### Your assignment
For every line below, restate it exactly and drop the images.

### Recorded data
=======

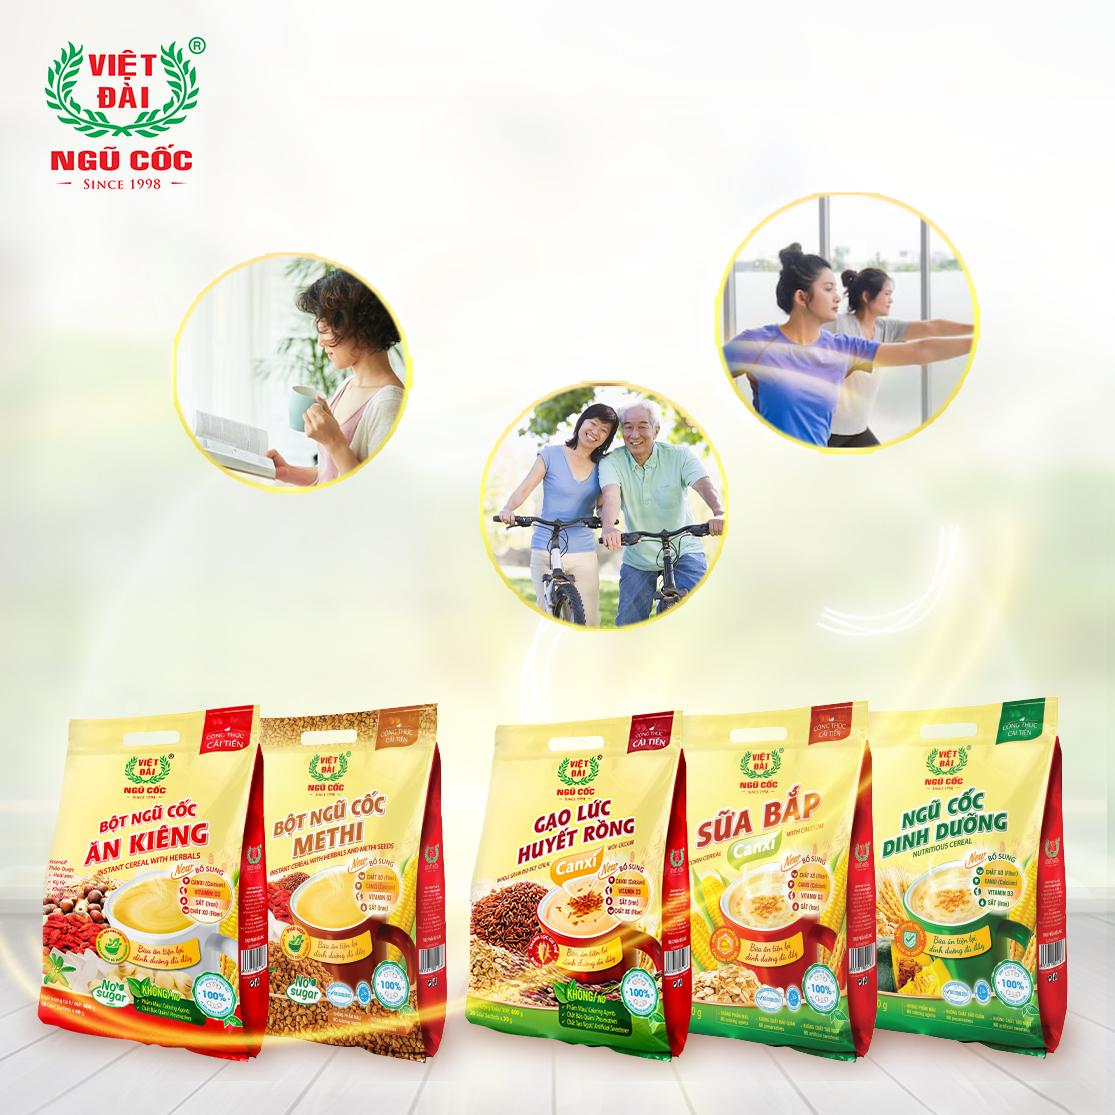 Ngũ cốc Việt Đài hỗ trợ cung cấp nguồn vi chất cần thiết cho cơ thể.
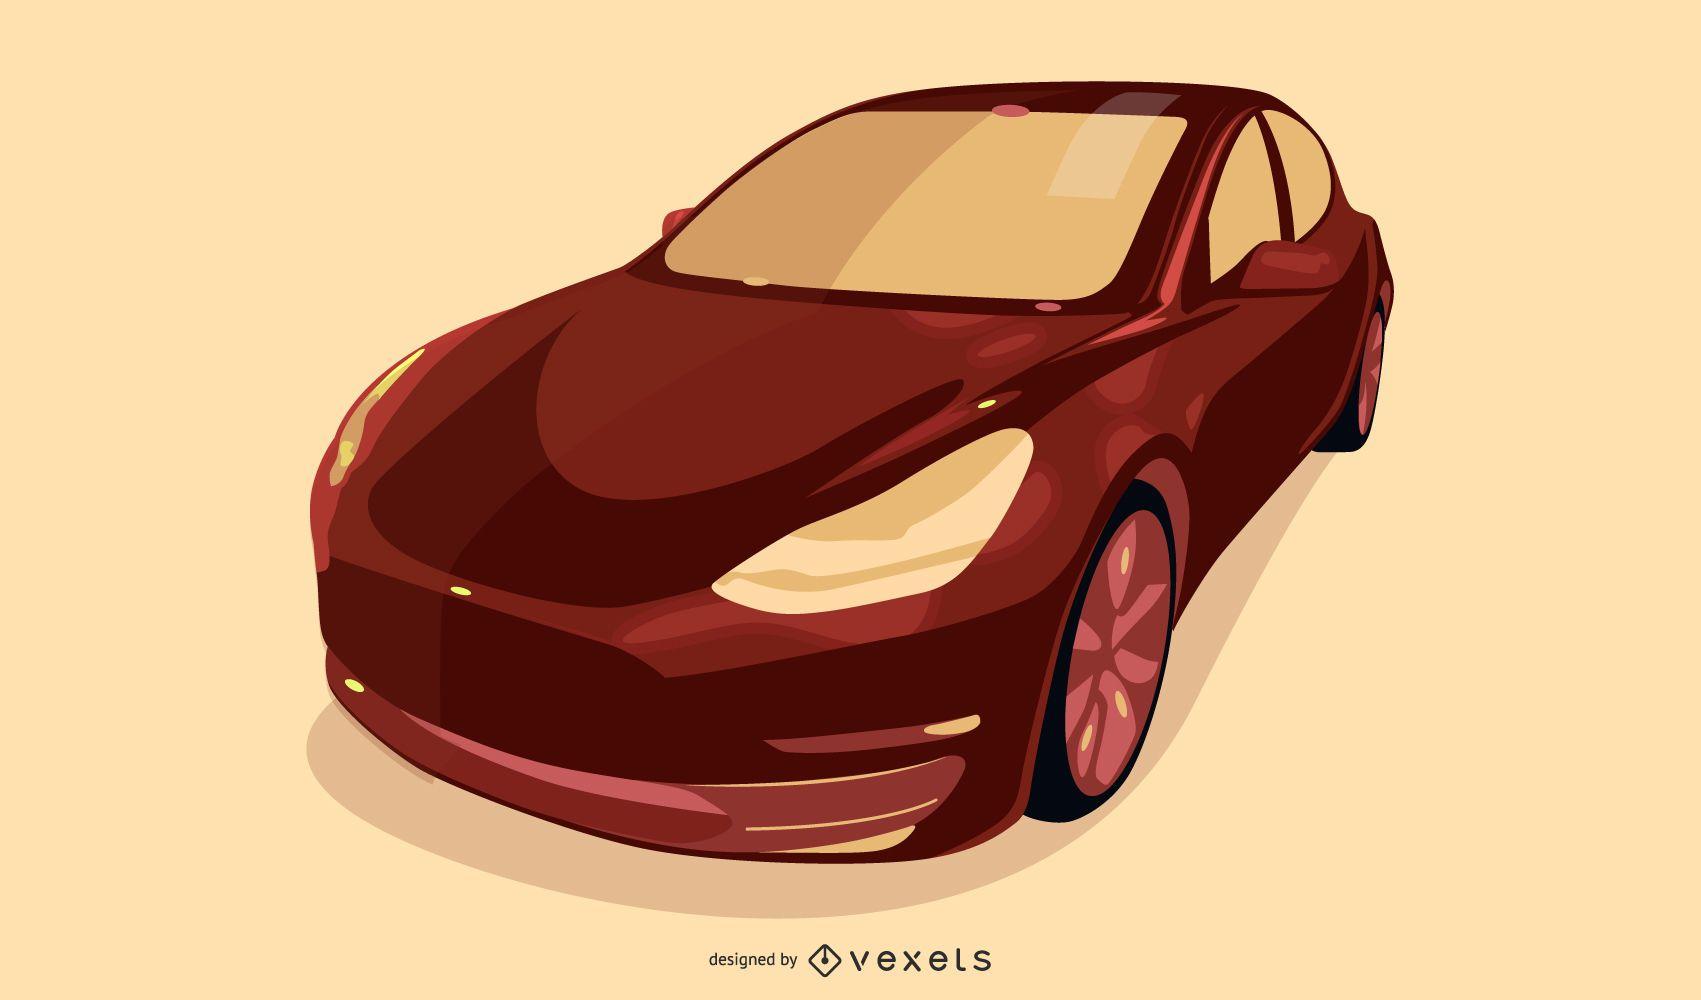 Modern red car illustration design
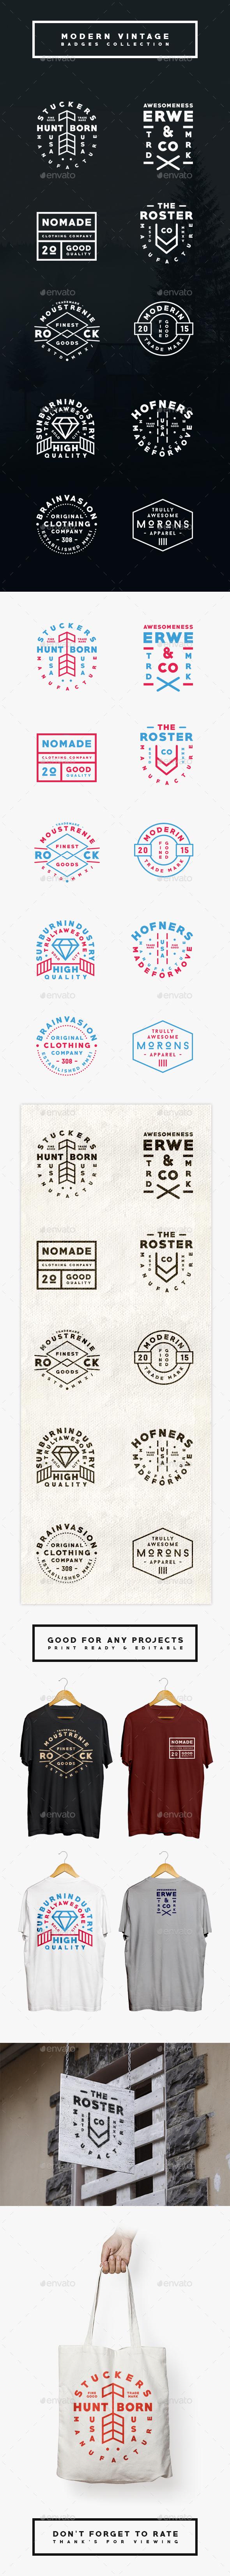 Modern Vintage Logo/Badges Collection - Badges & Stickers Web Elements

=======

### Task output
 Ngũ cốc Việt Đài hỗ trợ cung cấp nguồn vi chất cần thiết cho cơ thể.
 Modern red car illustration design
 Modern Vintage Logo/Badges Collection - Badges & Stickers Web Elements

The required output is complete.